Will Lawyers Be Replaced By New Technologies?

Ever since Deloitte predicted that technology will replace 100,000 legal professionals in the next 20 years, there has been a huge concern. However, the truth is the US legal system is set up in a way that means lawyers will never be fully replaced.

Unlike the EU, the US uses the common law system which allows for much more persuasion. The US system asks lawyers to present their cases and argue on behalf of clients. We can expect to see many lawyers rendered obsolete by technology. In fact, it has already started.

Have lawyers already been replaced?

The opposition to technology is largely due to self-preservation. Law is filled with repetitive tasks that could easily be performed by savvy AI so here is how it is happening.

Document Preparation and Review

Directly replacing a lawyer will not be done with a like-for-like robot. It will occur by creating software that replaces the individual tasks of a lawyer and has already started in document preparation.

Loio.com is the perfect example. Preparing and reviewing legal documentation is a slow process. Every time you create a new contract, a junior associate drafts, proofreads and reviews the terms before handing it to senior counsel for another round of review. It takes hours and is anything but efficient.

Loio uses a smart AI plug-in to scan legal documents for errors and important facts quicker and more accurately than humanly possible.

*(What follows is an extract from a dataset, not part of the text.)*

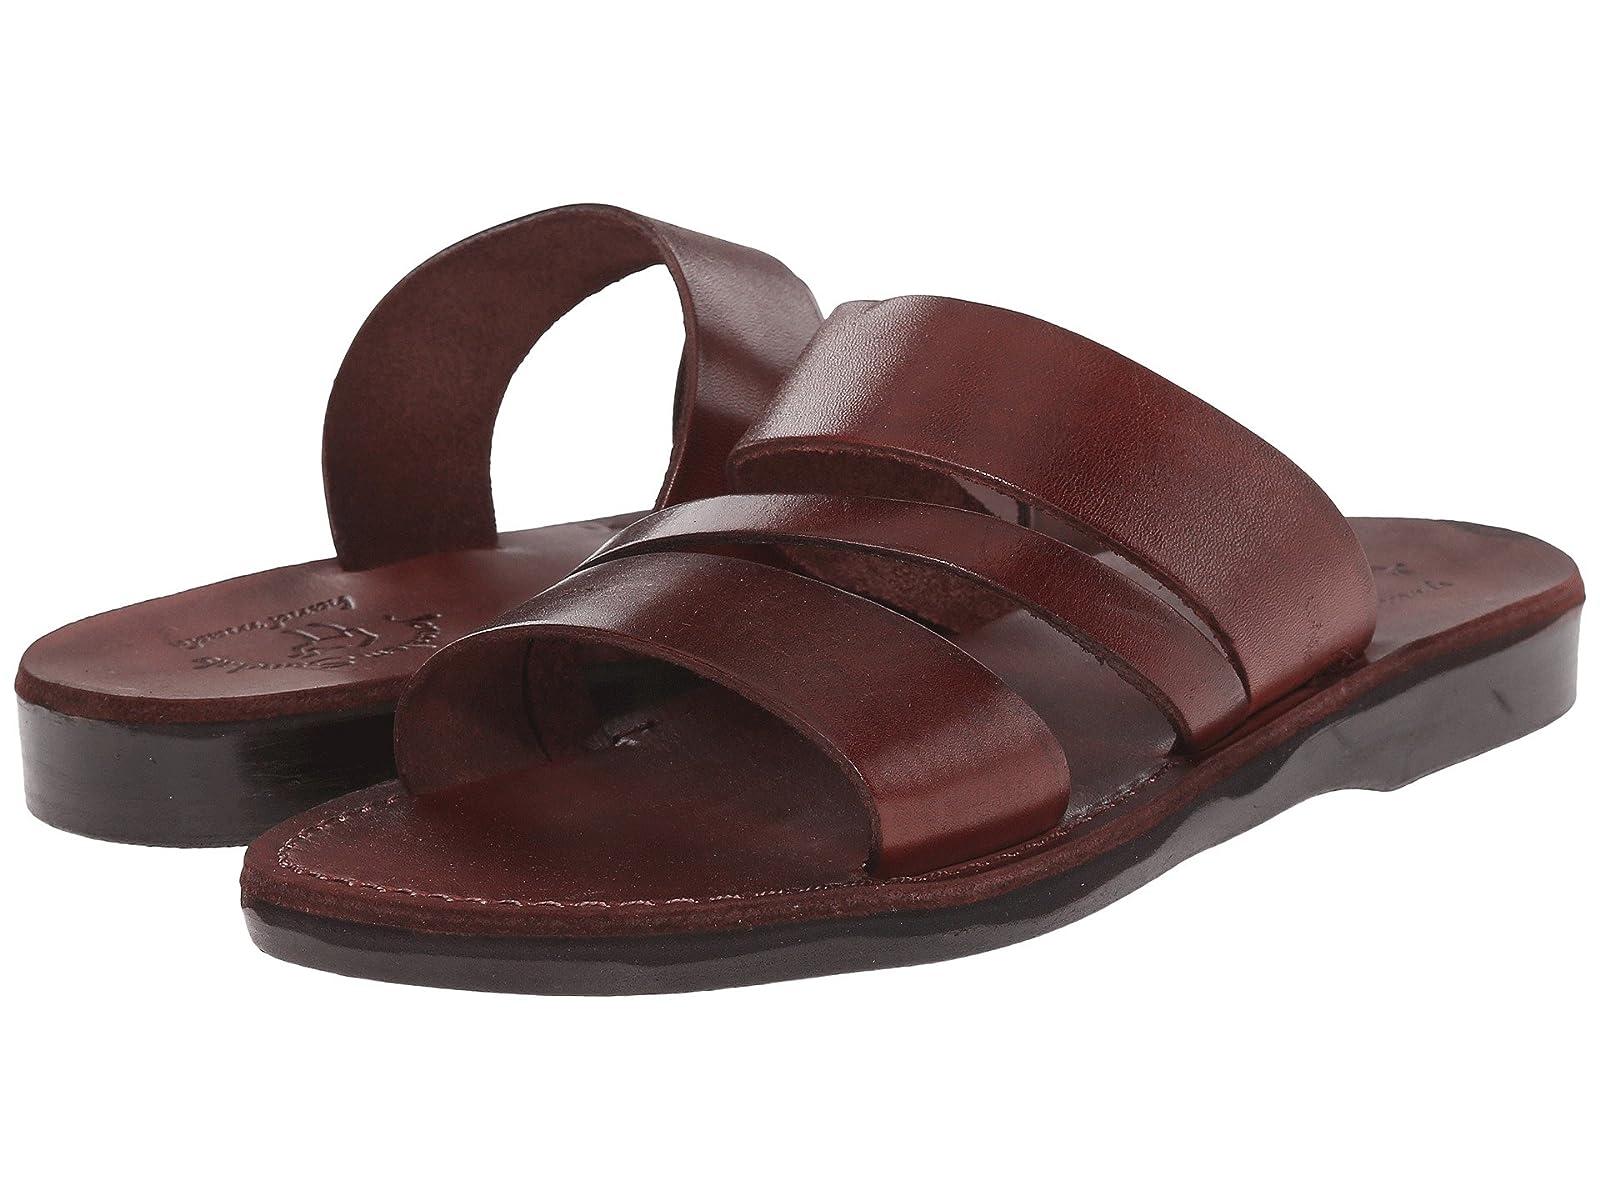 Jerusalem Sandals Boaz - MensAtmospheric grades have affordable shoes

This addition cuts down the wastage of human hours on repetitive tasks.

Legal Research

Research is a vital component of a lawyer’s job but is excruciatingly time-consuming. To resolve the lag, law libraries have gone digital for accessibility and efficiency. As the digital platforms become more innovative, we are seeing AI and automation software absorb more tasks in the research process.

ROSS Intelligence is the most impressive example. Their AI, Watson, interprets non-legalese questions and searches. Not only is it linguistically advanced, but it also provides summary case notes from trials and precedence. It even highlights case rulings that were disputed at the time.

Summary reports and research are usually done by a junior lawyer but, ROSS bypasses that need to give you better results with more depth. This is a worrying sign for junior associates.

Case Strategy

Legal AI has become so advanced that it is causing objections and controversy around the world.

AI bots are capable of scanning millions of judicial decisions in record times. In reviewing the previous cases of a judge, they are able to highlight tendencies, preferences and influences. The AI has even verged on predicting trial results. Due to the manipulation possible, France, Ireland and the UK have all instituted a ban on using AI to predict judge decisions.

Despite these bans, AI is having a growing input on case strategy. As AI grows and learns, case preparation duties will be dominated by AI-supplied information and strategy.

Award Valuations

Personal injury, defamation, and other cases where awards are generated have come under the microscope in recent years. Judges and injury boards are issuing exceedingly high claim awards meaning insurance costs increase in line.

To reign in the awards, AI has been considered as an unbiased evaluation alternative. The concept is that a valuation AI would streamline deliberation and standardize awards with a more equitable algorithm.

It hasn’t happened just yet but if, and when, it does, this will certainly see a dramatically reduced demand for lawyers. There will be fewer opportunities for attorneys to persuade judges based on emotional testimony and pain and suffering determinations.

Final Thoughts

AI, machine learning, automation and advanced technologies continue to disrupt the legal industry. Every day the ABA approves pioneering tech to augment legal abilities. With each new software, AI eats into the tasks that humans are responsible for.

Deloitte may predict the loss of 100,000 legal jobs but that might not even be half of the real numbers. There are 1.3 million US lawyers and every one of them faces the scope creep of AI. The reality, however, is that rather than replacing lawyers, technology will free attorney schedules from inefficiency. With luck, it will create far more cost-effective processes in a traditionally antiquated legal sector.